A todos nos ha pasado alguna vez, hemos planificado con unos amigos un fin de semana de descanso y de ese plan solamente ha quedado el recuerdo. Y es que con las lluvias de este fin de semana poco se podía hacer en el mundo rural; ni senderismo, ni comidas campestres. Pero poco puede el agua cuando las ganas de visitar Extremadura son ansiadas, así tuviera que ser con un paraguas portugués.

Deseosos de degustar vino y buenas tapas, cogimos el coche y nos plantamos en la carretera. Nos habían comentado de la existencia de un agua magnífica por la zona sur de la Provincia de Badajoz y, aunque sobraba agua, nos plantamos en la localidad de Valencia del Ventoso en busca de ese tesoro cristalino. – Debo reconocer que fue bueno el consejo y acertada la decisión de visitar este municipio –

Llegamos a una bien cuidada fuente, llamada de Santiago, con un caño de un agua cristalina, libre de químicos productos y gustosa al paladar. Una fuente decorada con una azulejería que mostraba al apóstol montado a caballo y con espada alzada, una ventana abierta al Medievo de la Reconquista, que, junto con el castillo de finales del siglo XV, regalaba un hermoso y cuidado paraje de encanto, rodeado de verdes encinas y ganadería vacuna. Y si quieren, podrían imaginar los ritos funerarios prehistóricos contemplando los menhires repartidos por sus campos.

Después de visitar el pueblo, se nos antojaba apetecible tomar unas tapas – a la extremeña, claro está – y fuimos en busca de una hacienda situada muy cerca del municipio. Tierra Blanca nos ofrecía una carta adecuada a lo que andábamos buscando. Elegimos unos deliciosos riñones asados y aliñados, posiblemente de una reciente matanza, de esas en las que humanos disfrutan como mininos, por eso de “como un gato en una matanza”. Abundantes y variados vinos, fermentados en este pequeño pueblo, tintos, blancos y rosados, secos y semisecos, para todos los gustos. Ninguno mejor para acompañar nuestros riñones que un Rivera del Ardila, semidulce.
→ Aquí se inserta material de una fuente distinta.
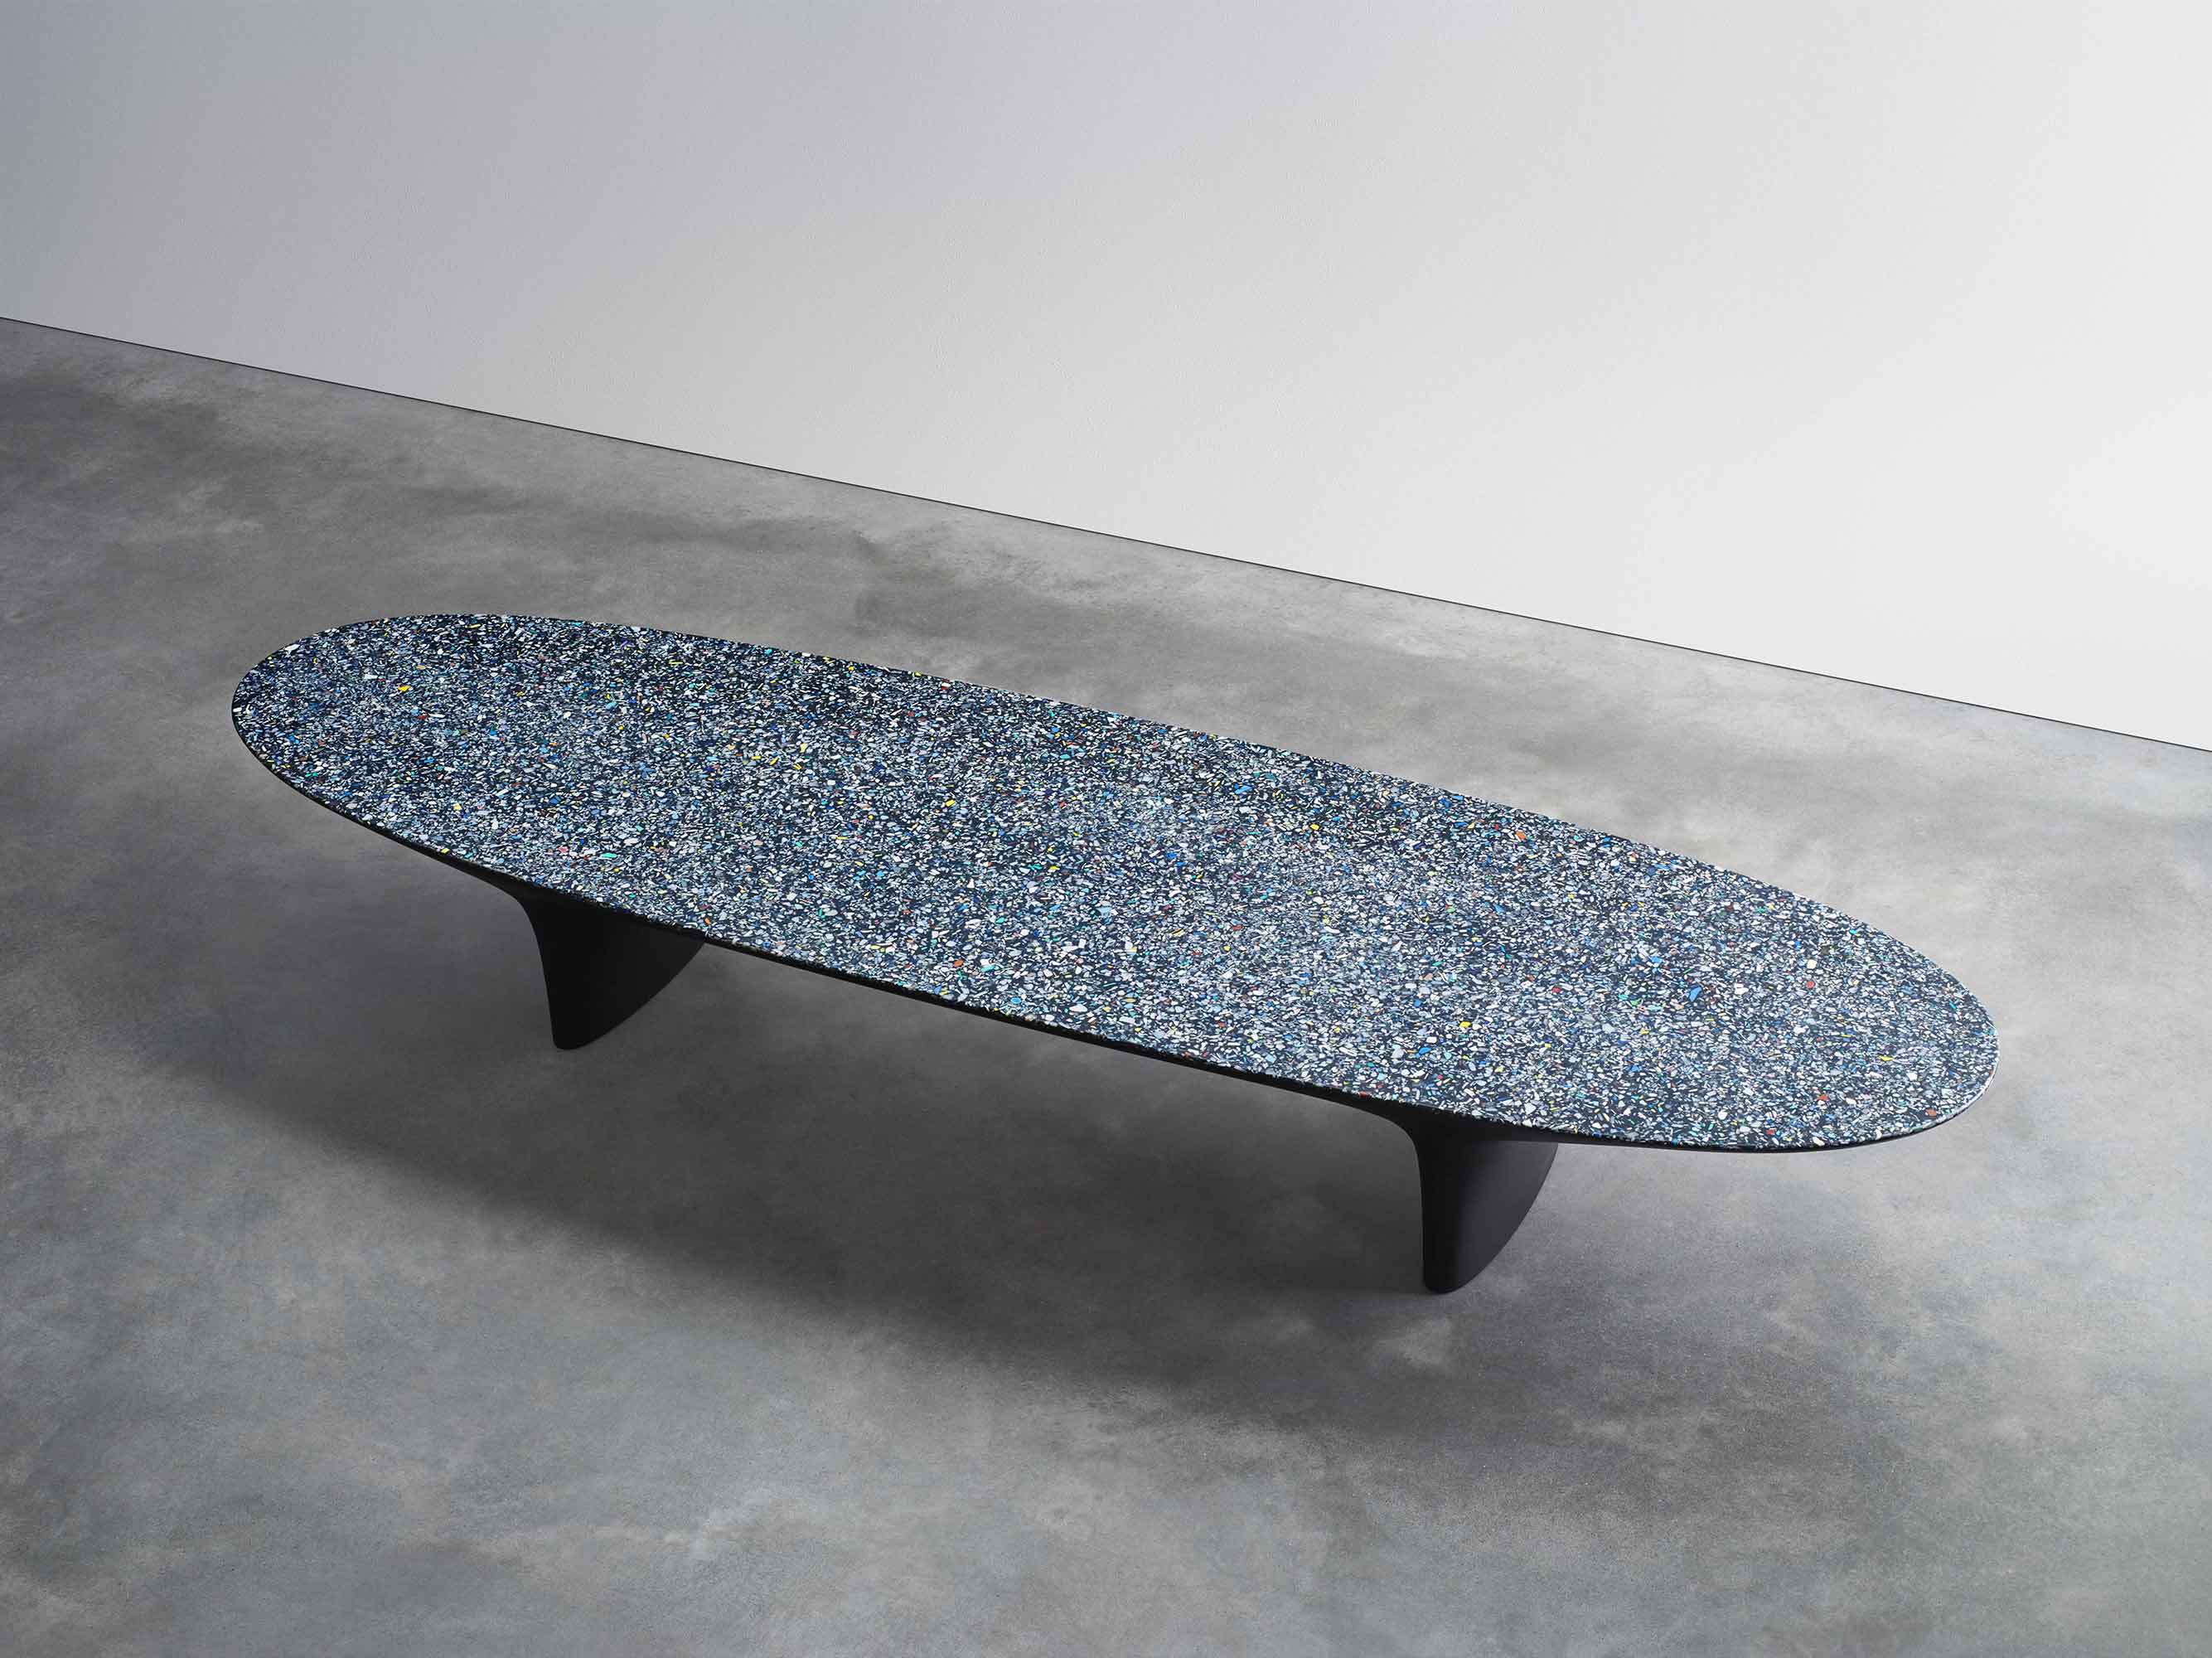 brodie-neill-transmutes-metals-ocean-plastic-and-reclaimed-timber-into-functional-objects

Ya comidos y con una tregua en la tempestad que nos acompañaba, nos dirigimos a una zona a la que los pobladores de estas tierras denominan “el Valle”. Encontramos a mitad de una estrecha carretera rural una ermita blanca que dejaba ver en su portada el legado de siglos anteriores a los del uso de la cal en abundancia, un arco apuntado de los tiempos finales del gótico. Un señor anciano, con función de ermitaño, salió a recibirnos, reflejaba en su mirada la ilusión que suelen tener los vecinos de estos pueblos cuando vienen de fuera a contemplar el tesoro natural en el que viven.

Un lugar en donde la emigración ha dejado testamento evidente de la necesidad de sus vecinos de buscar mejor futuro. Uno pequeño municipio, que al igual que otros muchos, cargados de Historia y tradiciones, también fue condenado al olvido durante muchos años. Uno entre tantos de los que aún no aparecen registrados en la Guía de los Pueblos más bonitos de España, pero con capacidad suficiente para ofrecer todo lo que desean buscar aquellos que huyen de los grandes núcleos urbanos en busca de bienestar, descanso, buena bebida, sabrosa comida y miríficos paisajes. Una tierra aún olvidada por quienes ocupan los escaños azul marino de la madrileña Carrera de San Jerónimo.

Muy recomendable visita para aquellos que estén buscando un agradable retiro. Si van, no se olviden de pedir su vino, su tapa a la extremeña y otro de los productos clave del lugar, la rosca de San Blas. Ya tienen otra excusa para perderse por Extremadura.